To be able to love one another, we must pray much, for prayer gives a clean heart and a clean heart can see God in our neighbor. If we now have no peace, it is because we have forgotten how to see God in one another.
[Humans became human] by breaking into the daylight of language—whether by good fortune or bad fortune, whether by pure chance, the spark jumping the gap because the gap was narrow enough, or by the touch of God, it is not for me to say here.
"The Tamil language is very precise,"
the Tamil poet said.
"There are seven different words
between the English words, 'bud' and 'flower.'"
One would have to live in attentive quiet,
live with the plant,
marveling at each subtle change
to create such a language.
Love creates such a language.
The term Gaia has caught on among those seeking a new ecological spirituality as a religious vision. Gaia is seen as a personified being, an immanent divinity. Some see the Jewish and Christian male monotheistic God as a hostile concept that rationalizes alienation from and neglect of the earth...I agree with much of this critique, yet I believe that merely replacing a male transcendent deity with an immanent female one is an insufficient answer...
~ from Rosemary Radford Ruether in GAIA AND GOD: AN ECOFEMINIST THEOLOGY OF EARTH HEALING
The language we use reflects and in turn shapes the way we construct our experience of the world. (Plaskow acknowledges that)...all of these images of God are humanly crafted metaphors, but our metaphors emerge out of specific cultural and political context. When these contexts change, the old metaphors must change with them.

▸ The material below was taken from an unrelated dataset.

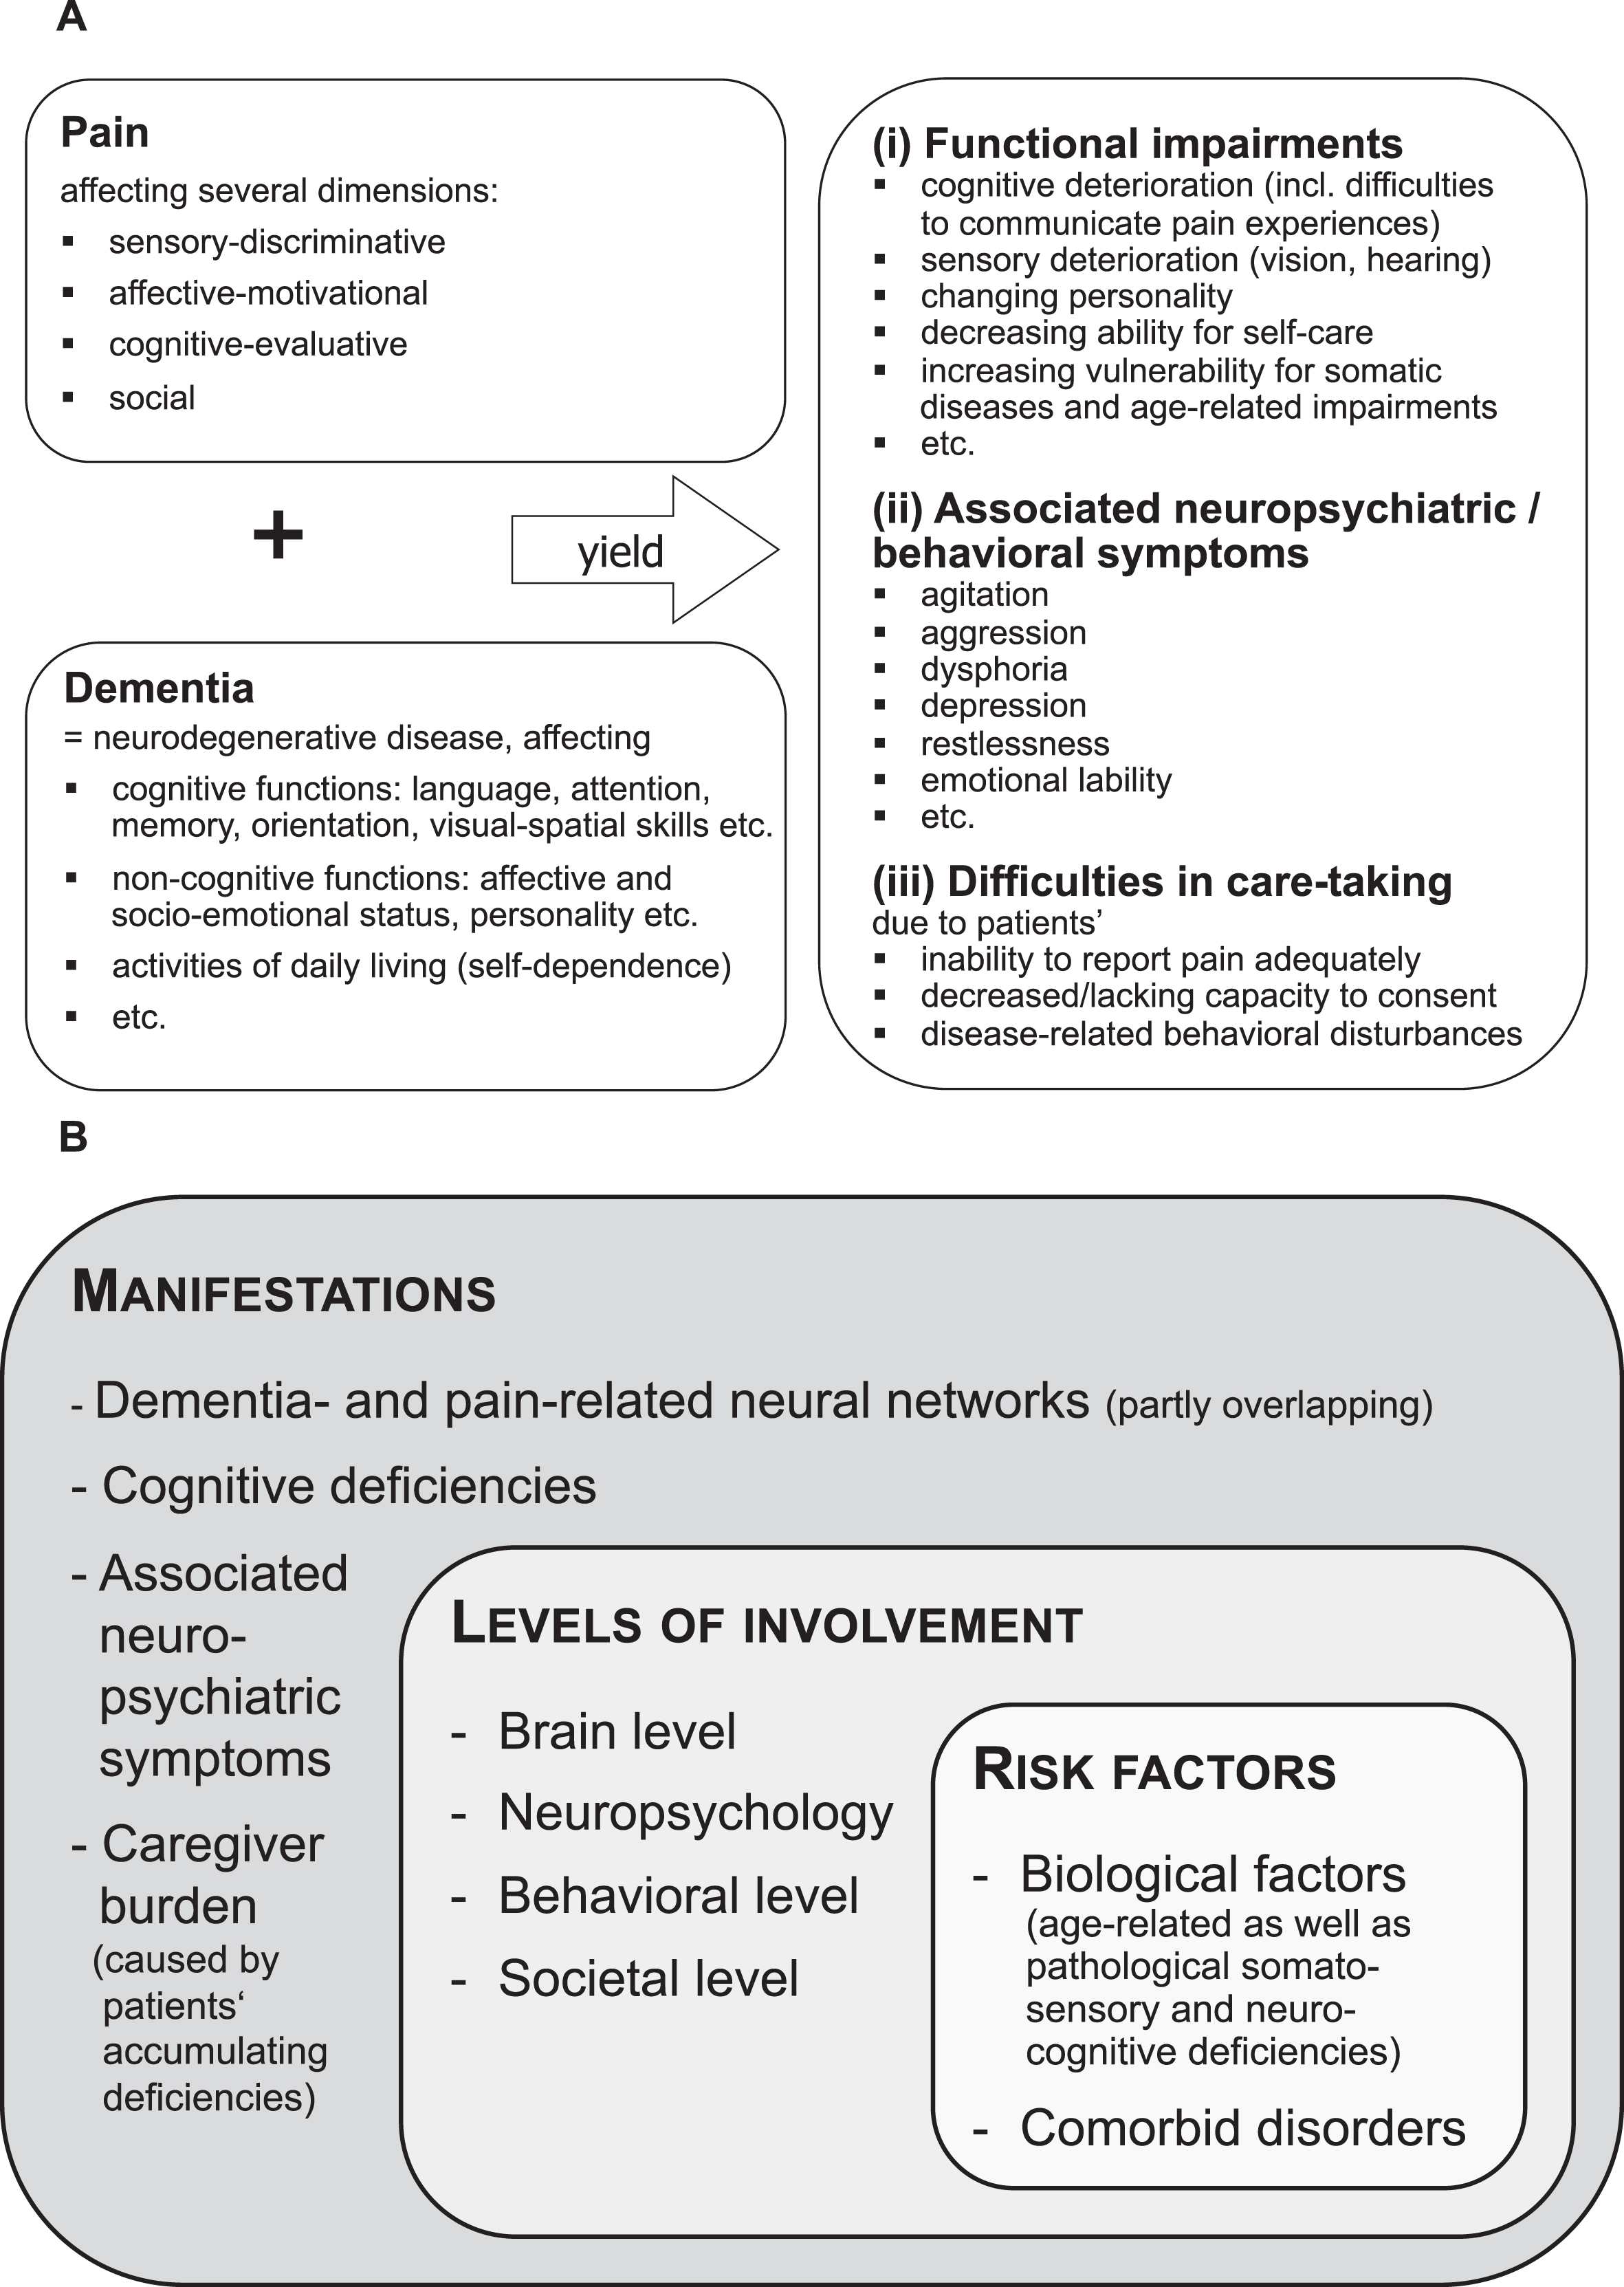 A) Schematic representation of the clinical manifestations of pain in dementia. B) An integrative perspective of pain in dementia, focusing on potential risk factors and heterogeneity (inner-most rectangle), different levels of involvement (middle rectangle), and manifestations (outer rectangle). Please note that in each patient (and depending on dementia progression, responsiveness to treatment, etc.), all or some of these factors may be intertwined, thus yielding a unique clinical picture that may change over time and with dementia progression.

~ from "The Feminist Critique of God Language" by Dr. Neil Gillman, reprinted from THE WAY INTO ENCOUNTERING GOD IN JUDAISM, discussing Judith Plaskow's book STANDING AGAIN AT SINAI
It is all too easy and too simple to disdain as "superstition" everything one cannot understand, but the ancients themselves knew very well what they meant when they used symbolic language...the Spirit can always come back to breathe fresh life into the symbols and rites and give them back their lost meaning and the fullness of their original virtue.